Dann Corbit wrote:I just completed calculation using mm of Elo for junkbase (more than 10 million games, of which more than 9.5 million had recognizable termination).
It used 1 GB of RAM and took several hours.
The cost of parsing the PGN file should be linear in the file size. The cost of computation is not related to the number of games, only to the number of players.
The memory requirement of bayeselo is quadratic in the number of players, and the computation time is cubic in the number of players.
I can't use locks because I use third-party software (cutechess-cli) which writes the pgns without locks.
Howver now that I have separate files for each processor all problems are solved. For the first time I got 40k games with no loss !
I failed to notice this problem because it rarely happens for tcs larger than 40/30 sec.
Daniel
Daniel Shawul wrote:I can't use locks because I use third-party software (cutechess-cli) which writes the pgns without locks.
Howver now that I have separate files for each processor all problems are solved. For the first time I got 40k games with no loss !
I failed to notice this problem because it rarely happens for tcs larger than 40/30 sec.
Daniel
The question to answer is "what is the probability that any two games will end at exactly the same time, so that you get two different instances of the thing trying to open the same file and write to it at the same time?" The answer is, the more games you play in parallel, the greater the probability. The faster the games, the greater the probability.
I originally had a similar problem since I can produce 100K games an hour at reasonable time controls, and 1M games an hour at ultra-fast times. I would almost never get exactly the right number of games reported by BayesElo until I solved that.
Dann Corbit wrote:I just completed calculation using mm of Elo for junkbase (more than 10 million games, of which more than 9.5 million had recognizable termination).
It used 1 GB of RAM and took several hours.
The cost of parsing the PGN file should be linear in the file size. The cost of computation is not related to the number of games, only to the number of players.
The memory requirement of bayeselo is quadratic in the number of players, and the computation time is cubic in the number of players.
Rémi
That is one of the reasons I can handle 1M games in 30 seconds. Most of the time is spent reading the PGN. I typically have a dozen or two different "players" (mainly different versions of Crafty against the standard gauntlet list) so that the computational time is pretty minimal overall. In fact, it will run much faster, but I access the PGN thru NFS which is not so fast. I could run on the I/O node (which I have at times) and it is blazingly fast since the disks are speedy and there is no network delay.
Daniel Shawul wrote:I can't use locks because I use third-party software (cutechess-cli) which writes the pgns without locks.

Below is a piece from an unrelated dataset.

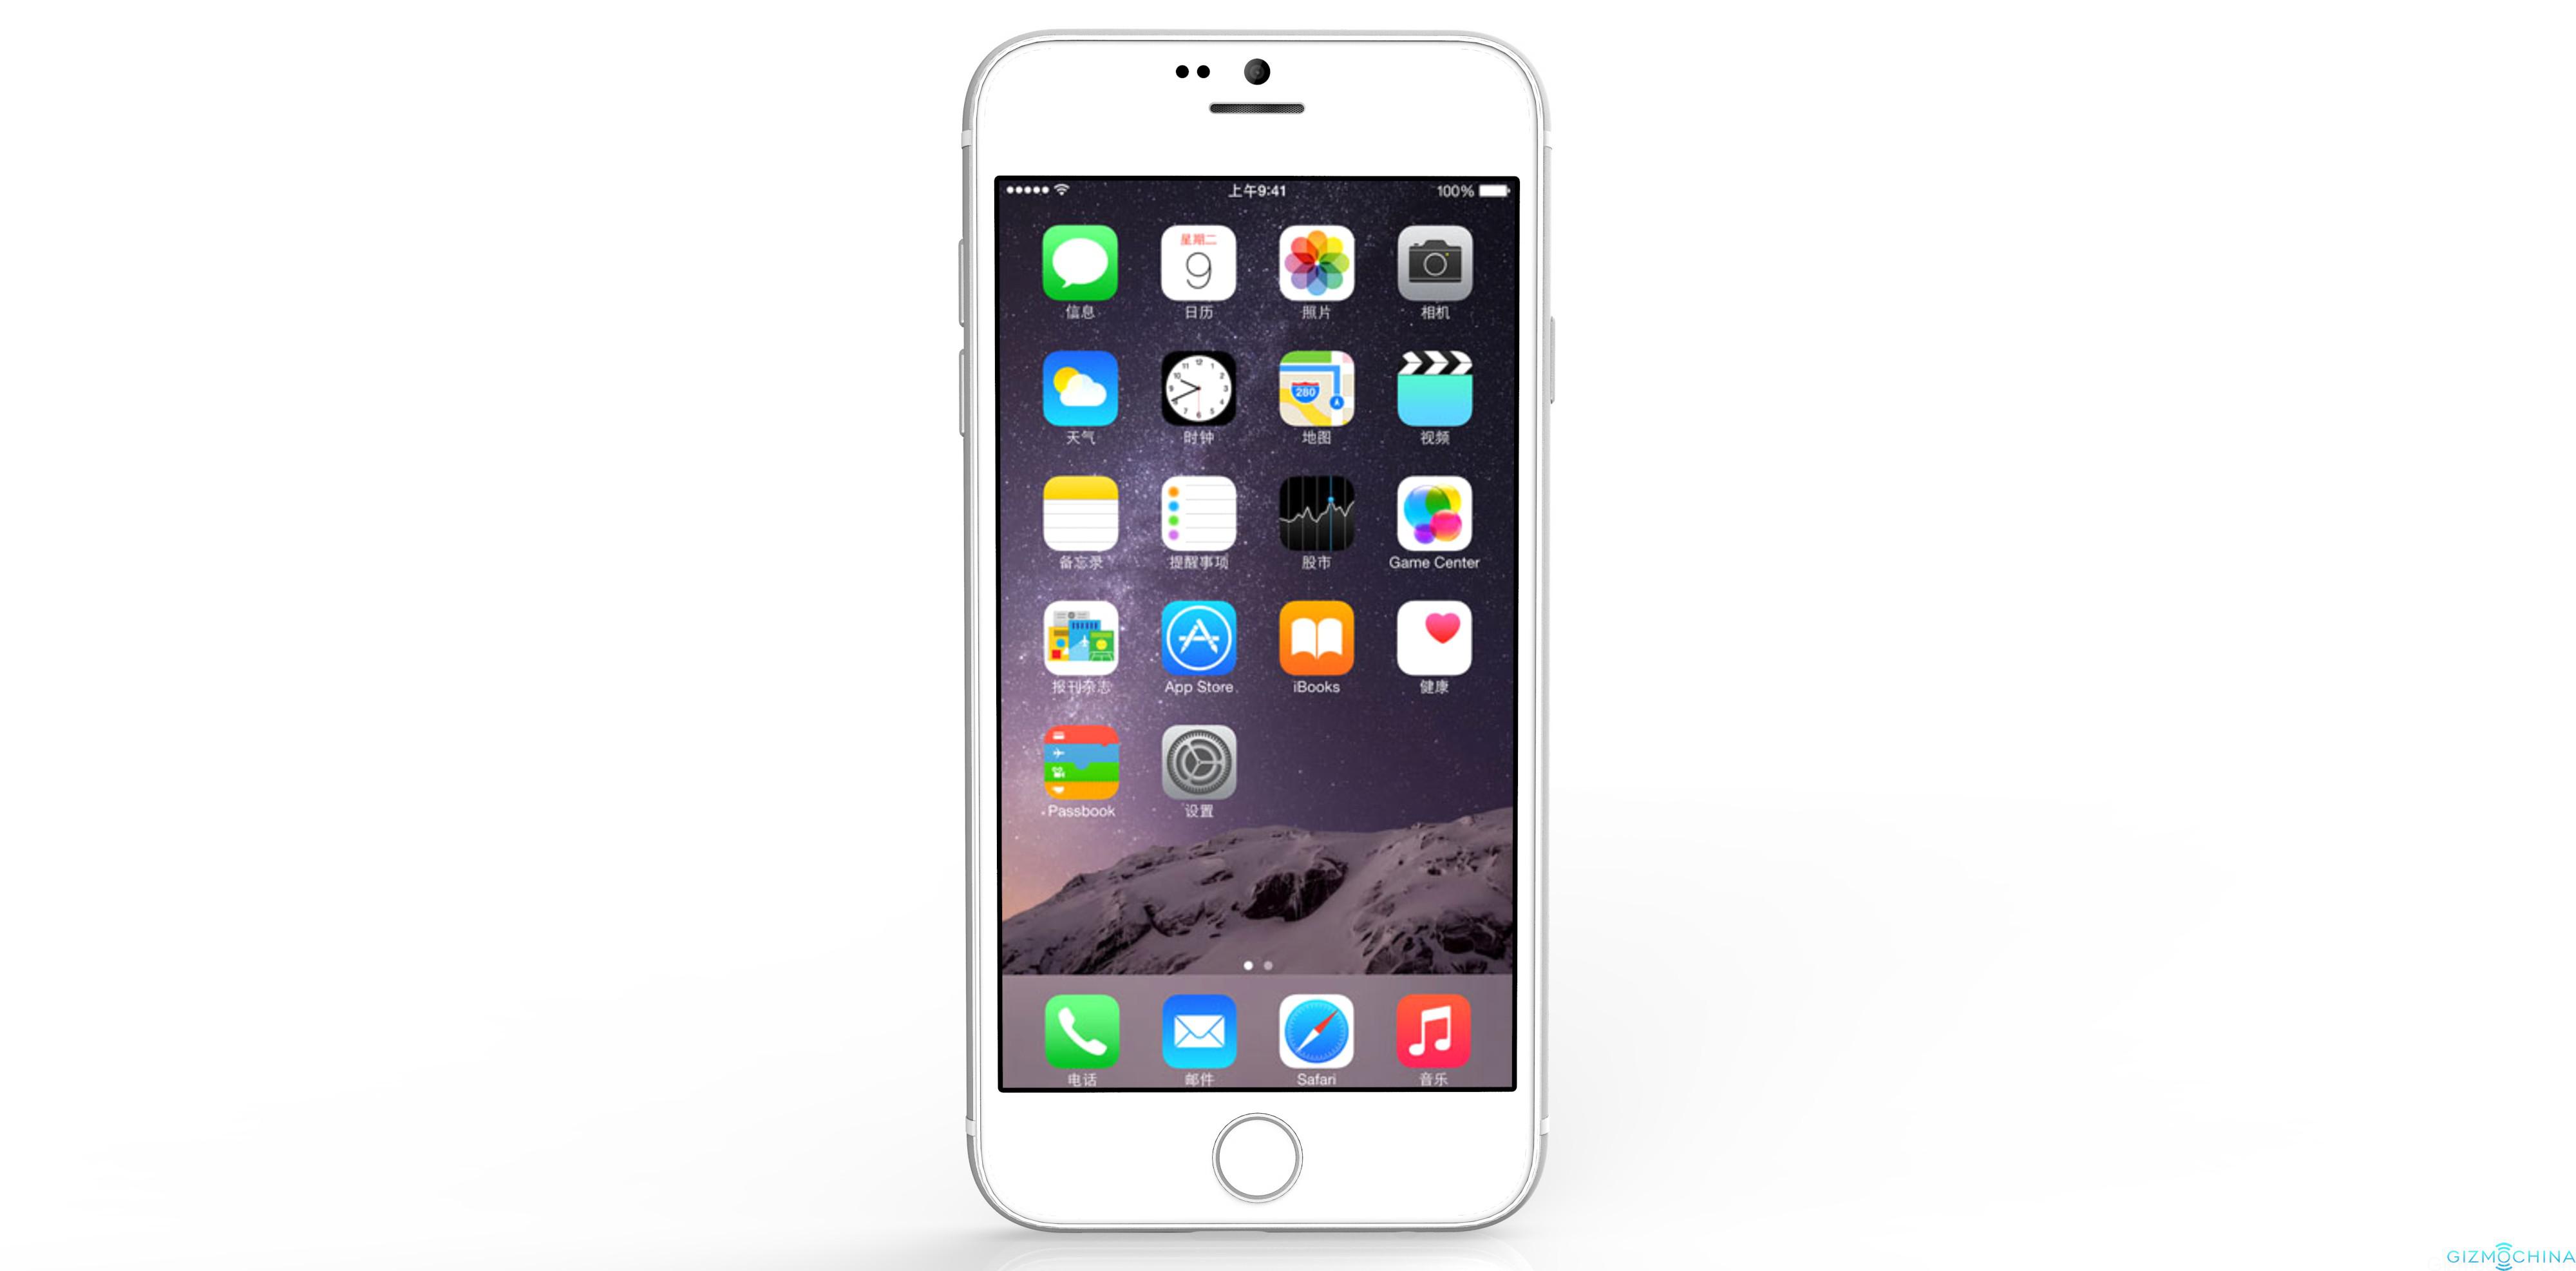 Blackview Ultra the iPhone 6 clone comes with an iOS like

Howver now that I have separate files for each processor all problems are solved. For the first time I got 40k games with no loss !
I failed to notice this problem because it rarely happens for tcs larger than 40/30 sec.
Daniel
The question to answer is "what is the probability that any two games will end at exactly the same time, so that you get two different instances of the thing trying to open the same file and write to it at the same time?" The answer is, the more games you play in parallel, the greater the probability. The faster the games, the greater the probability.
I originally had a similar problem since I can produce 100K games an hour at reasonable time controls, and 1M games an hour at ultra-fast times. I would almost never get exactly the right number of games reported by BayesElo until I solved that.
I use my own tester which will manage many games simultaneously on a single machine. I don't have any issues because it's single threaded and use libev, an event library.
Of course this is not scalable but I think the limitations are pretty minor - I can set up 48 simultaneous games for instance on my quad and it will play the same number of games per minute as if I set 4.
My tester won't work on a cluster (unless of course I use rsh or ssh) to make the connections, but then the communication between programs and testers are over the network. I'm sure all of this would work fine if the network was fast and reliable and I was not asking for 50 games a second.
From my experiance it doesnt have a limit. However I run it from wine under linux and don't give it a PGN but instead feed it a pgn via stdin via pipe |
jshriver wrote:From my experiance it doesnt have a limit. However I run it from wine under linux and don't give it a PGN but instead feed it a pgn via stdin via pipe |
Why not download the source, compile, and run it directly without wine? I use it all the time myself and it has compiled cleanly on all sorts of linux distros including our specialized cluster (ROCKS) version.